Officers at Mount Vernon police station to get body cameras

Body camera

Axon will be providing the camera device, software and storage for the police department’s body camera pilot program.

Police officers at the Mount Vernon district station will be getting body cameras this spring, the Fairfax County Police Department announced Tuesday.

The Fairfax County Board of Supervisors voted unanimously at their meeting Tuesday to approve the department’s pilot program. Mount Vernon is one of two stations that has been picked to take part in a pilot program to study the use of the cameras. 

The department expects all uniformed officers at the Mount Vernon and Mason district stations to begin wearing the cameras in March, after training is completed. The pilot is scheduled to last three months, with the possibility of being extended to six months. The projected cost of the program is $684,151, according to the FCPD.
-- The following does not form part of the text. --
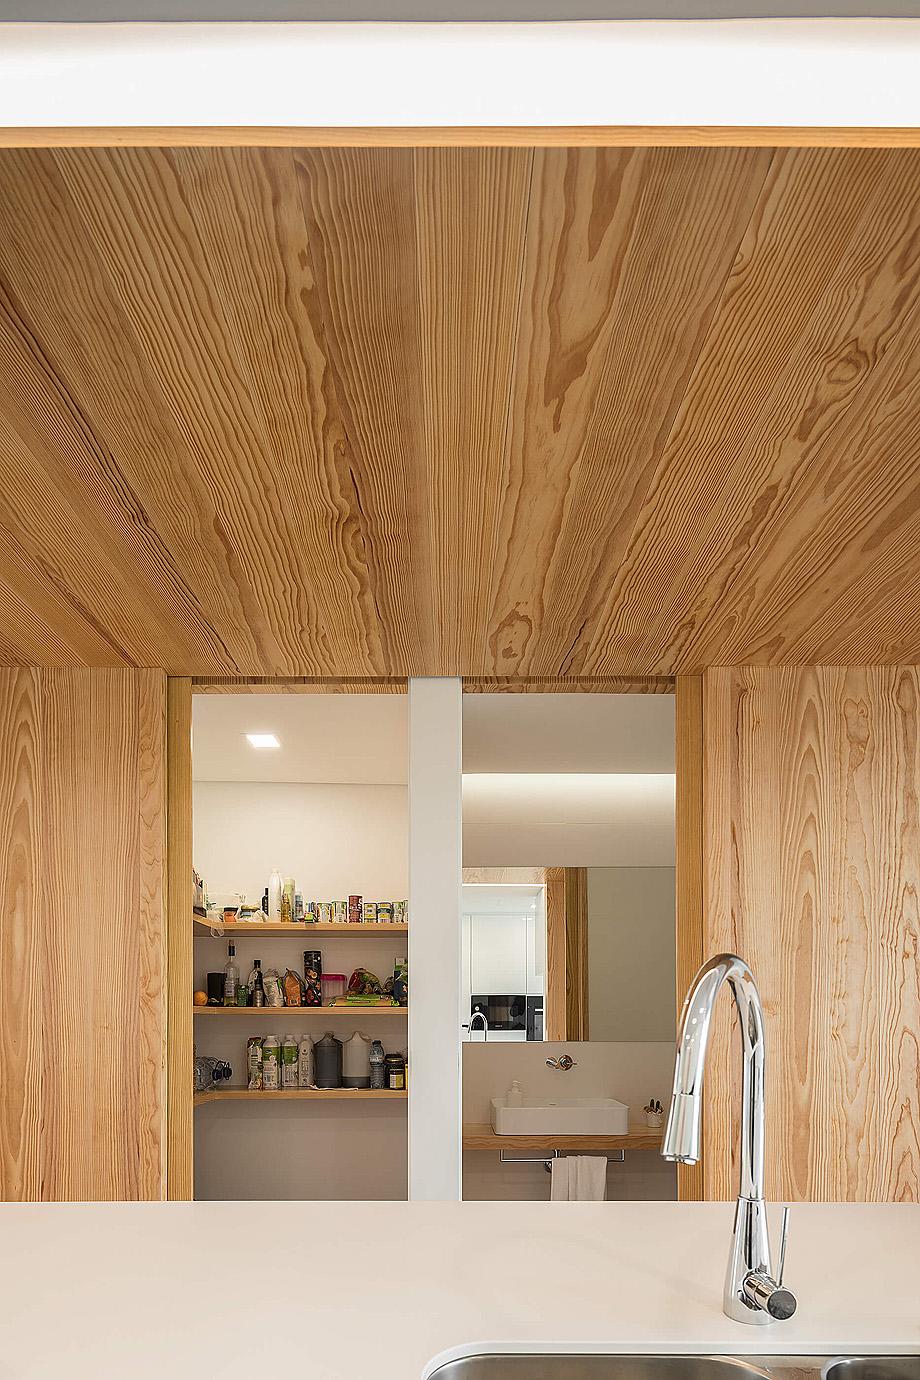 casa do arco de frari architecture network - foto ivo tavares (18)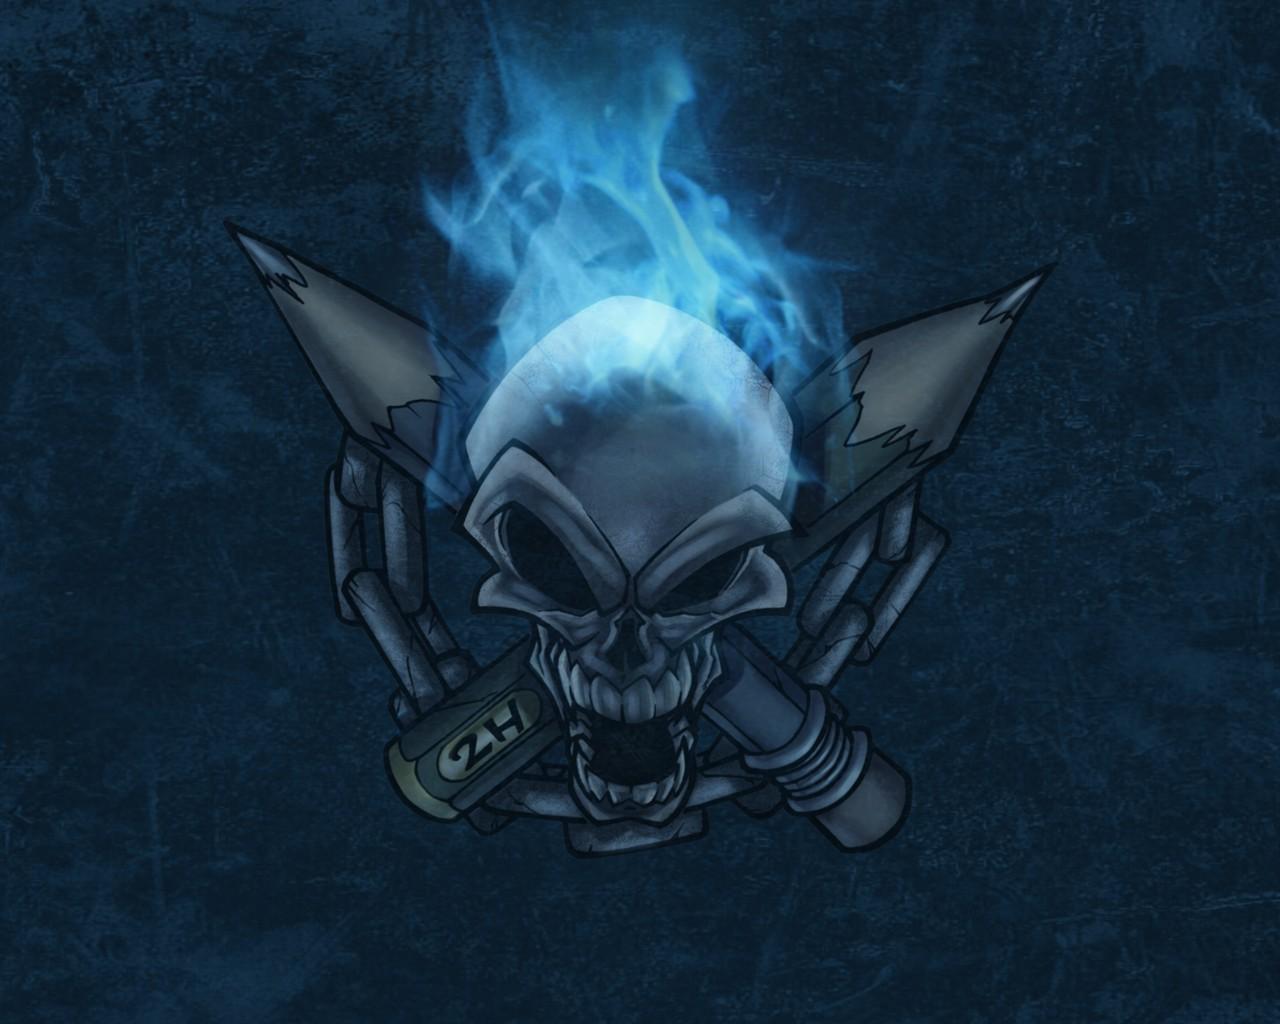 blue flames skull wallpaper 1280x1024

The department outlined in a press release Tuesday where and when officers will be expected to use, and not use, the cameras:

  • Officers are expected to turn on the camera during any law enforcement-public encounter related to a call for service, law enforcement action, subject stop, traffic stop, search, or police service
  • Officers will start recording at their arrival/response, or as soon as it is practical to do so, and leave it on for the duration of the incident (including transportation to jail)
  • Officers will not record when in courthouses and medical facilities,  unless use of force is anticipated or initiated
  • Officers will not record when someone is reporting a crime and has requested anonymity, or if they are giving a statement in an alleged rape or sexual assault

Chief of Police Edwin Roessler told the Board of Supervisors that the department has studied lessons learned from other jurisdictions implementation of cameras, and will try to avoid problems that other departments have run into — including officers not turning on their cameras when appropriate.

“I can assure you as your chief, we will audit the use of the cameras,” Roessler said. “It will be a policy that’s in effect, and officers shall abide by that policy and discipline will happen if they do not abide by that policy.”

Mount Vernon Supervisor Dan Storck, whose district overlaps with most of the area patrolled by the Mount Vernon district station, said it was important that all officers working out of that station be equipped with cameras to avoid the perception of impropriety if a use-of-force incident was not recorded.

“My fear would be that through no fault of anybody that you have an incident and for whatever reason the officer would not have a camera and people would presume and assume the worst,” Storck said.

Roessler said there were enough cameras to equip every officer at the Mount Vernon and Mason stations, but cautioned that because other police stations often respond to incidents in the Mount Vernon district’s area, there was no way to ensure every interaction would be recorded.

The use of body cameras was one of the recommendations of the Ad Hoc Police Practices Review Commission, which was formed in the wake of the 2013 shooting of a John Geer by a Fairfax County Police officer. The officer later pleaded guilty to manslaughter for shooting Geer, who was unarmed, and the county wound up paying $2.95 million to settle a wrongful death lawsuit brought by Geer’s family.